DESEQ2 linear model of dose

1

Entering edit mode

jshouse ▴ 10

@jshouse-10956

Last seen 23 months ago

United States

I have a question about a linear models in DESeq2.

The experimental design is far from optimal, but I wasn't asked about that part. The samples consist of 12 controls and 3 treatments with different doses of treatment.

coldataset:

                         Treatment Sample.ID DOSE               Group
002_S2_L001_R1_001   Isoproterenol        24  0.1 Isoproterenol_C_0.1
004_S4_L001_R1_001   Isoproterenol        24    1   Isoproterenol_C_1
006_S6_L001_R1_001   Isoproterenol        24   10  Isoproterenol_C_10
098_S98_L001_R1_001        VEHICLE         V    0         VEHICLE_C_0
100_S100_L001_R1_001       VEHICLE         V    0         VEHICLE_C_0
102_S102_L001_R1_001       VEHICLE         V    0         VEHICLE_C_0
110_S110_L001_R1_001       VEHICLE         V    0         VEHICLE_C_0
112_S112_L001_R1_001       VEHICLE         V    0         VEHICLE_C_0
114_S114_L001_R1_001       VEHICLE         V    0         VEHICLE_C_0
248_S248_L001_R1_001       VEHICLE         V    0         VEHICLE_C_0
250_S250_L001_R1_001       VEHICLE         V    0         VEHICLE_C_0
252_S252_L001_R1_001       VEHICLE         V    0         VEHICLE_C_0
260_S260_L001_R1_001       VEHICLE         V    0         VEHICLE_C_0
262_S262_L001_R1_001       VEHICLE         V    0         VEHICLE_C_0
264_S264_L001_R1_001       VEHICLE         V    0         VEHICLE_C_0

Normally, I run these experiments at lowest level (Group) and use contrast statements to examine max dose comparisons to their vehicle controls (among others). (design ~ Group)

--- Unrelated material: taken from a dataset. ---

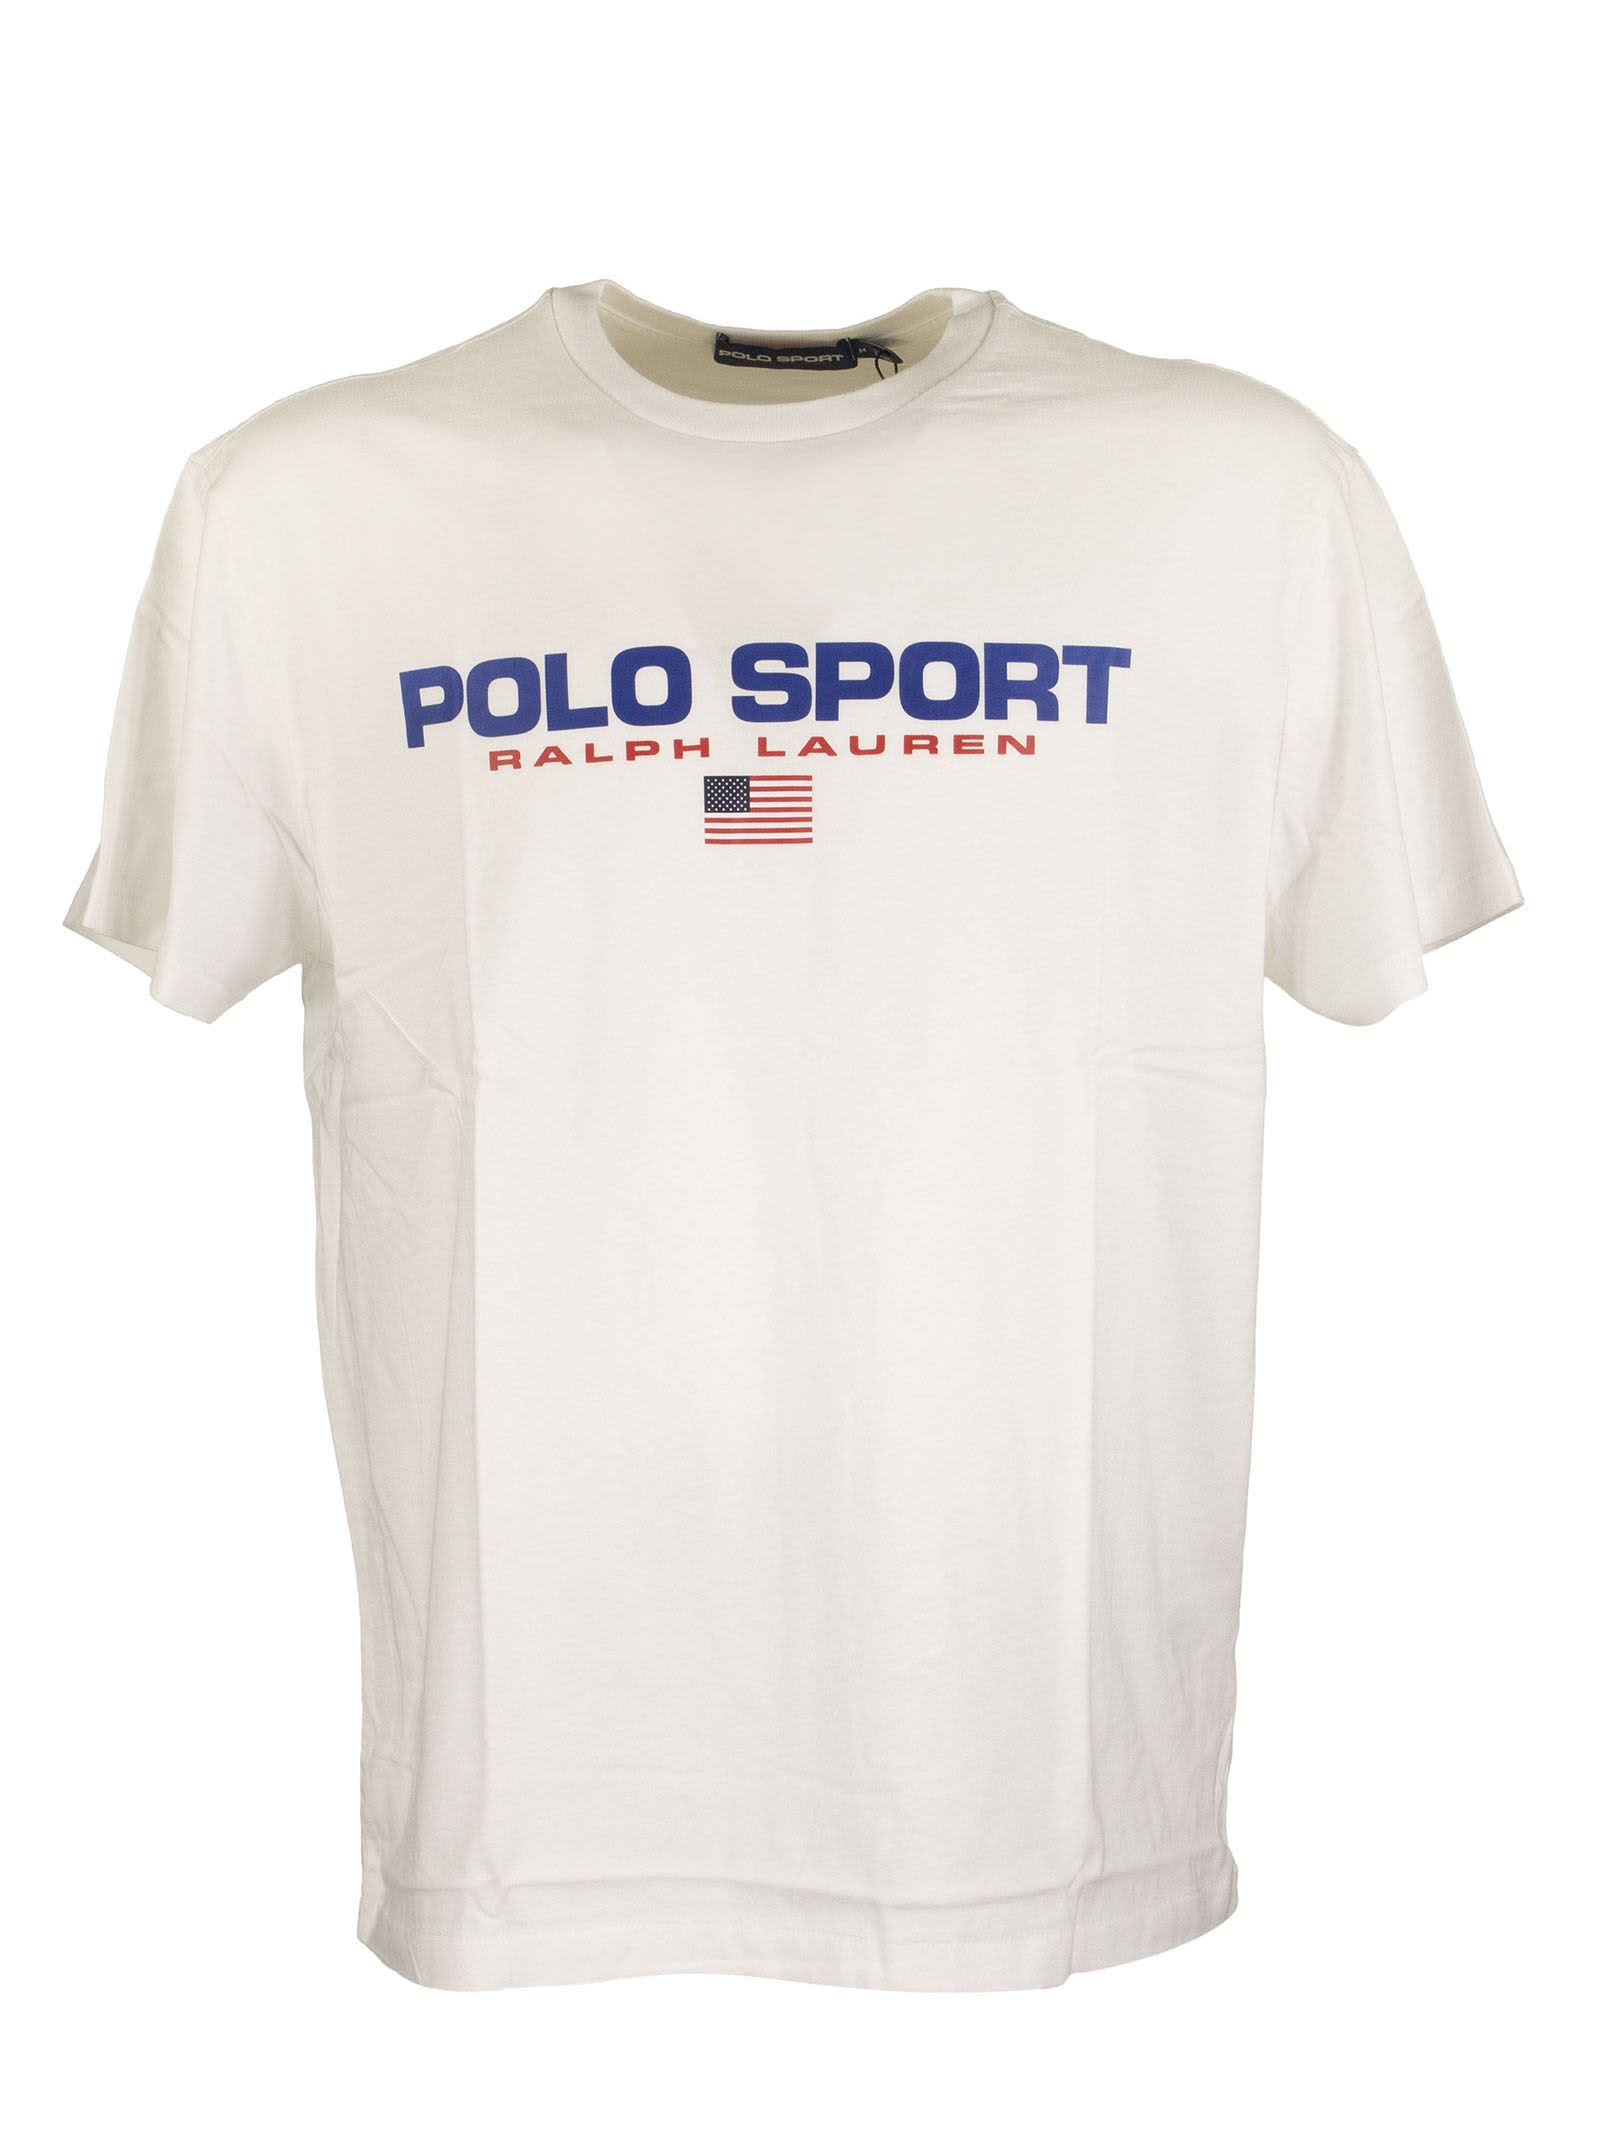 Ralph Lauren Classic Fit Polo Sport T-shirt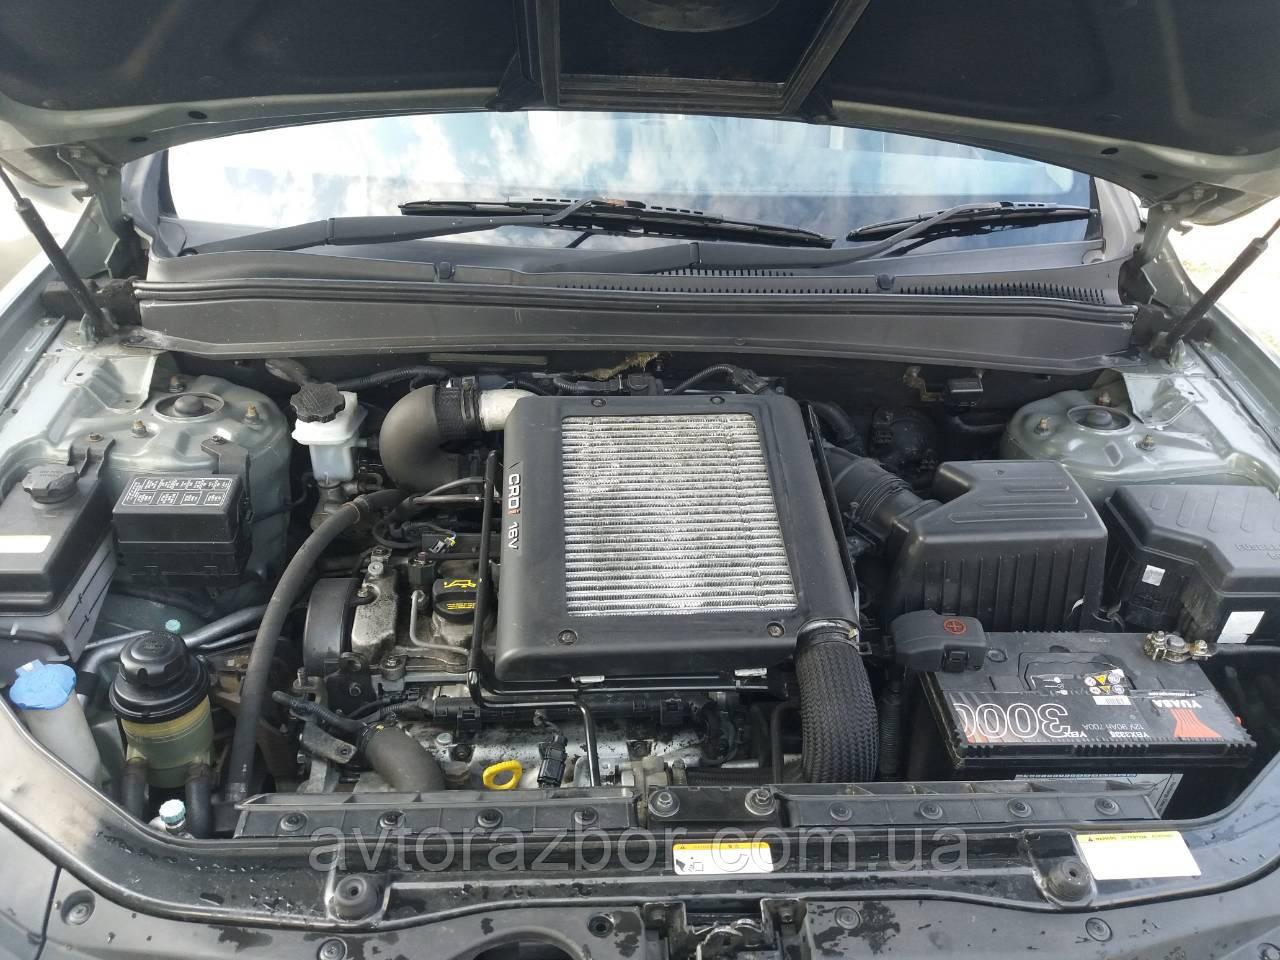 Двигатель двигун мотор hyundai santa fe 2006 2007 2008 2009 2010 хюндай санта фе 2.2

Is it possible to fit a linear model on DOSE in DESeq2? To get a list of genes with adjusted p-values that have a linear relationship between counts and dose? The log(dose) vector would be c(rep(-2,12),-1,0,1).

Should I just take the normalized counts from DESeq2 and run linear models for normcounts=log(dose) for each gene?

Lastly, if I run a design~DOSE, and examine results(dds), what do the log2foldchange represent below? Are they not meaningful without contrasts statements?

> resultsNames(dds)
[1] "Intercept" "DOSE0"     "DOSE0.1"   "DOSE1"     "DOSE10"

    baseMean log2FoldChange     lfcSE      stat       pvalue        padj
1 816.064720      1.3116114 0.2635343  4.977004 6.457587e-07 0.001850744
2  74.737786     -1.0885462 0.2493632 -4.365304 1.269462e-05 0.018191391
3 184.634430     -0.8549204 0.2158798 -3.960168 7.489703e-05 0.064807331
4  53.630486      1.0040814 0.2564783  3.914878 9.044987e-05 0.064807331
5  40.440782      0.9380167 0.2972477  3.155674 1.601278e-03 0.415725274
6   7.345135      1.0853250 0.3465192  3.132078 1.735739e-03 0.415725274

deseq2 • 4.7k views

ADD COMMENT • link updated 8.2 years ago by Simon Anders ★ 3.8k • written 8.2 years ago by jshouse ▴ 10

0

Entering edit mode

Usually, the first line of the output of results tells you what the contrast was. You seem to have cut this off when copying and pasting. Can you fix this, please?

ADD REPLY • link 8.2 years ago Simon Anders ★ 3.8k

0

Entering edit mode

There was no contrast. This was just design ~ DOSE as listed above. Followed by results(dds).

ADD REPLY • link 8.2 years ago jshouse ▴ 10

0

Entering edit mode

Are you sure you pasted the complete beginning of the output of results? I still think there are a few lines missing -- or you have a very outdated version of DESeq2.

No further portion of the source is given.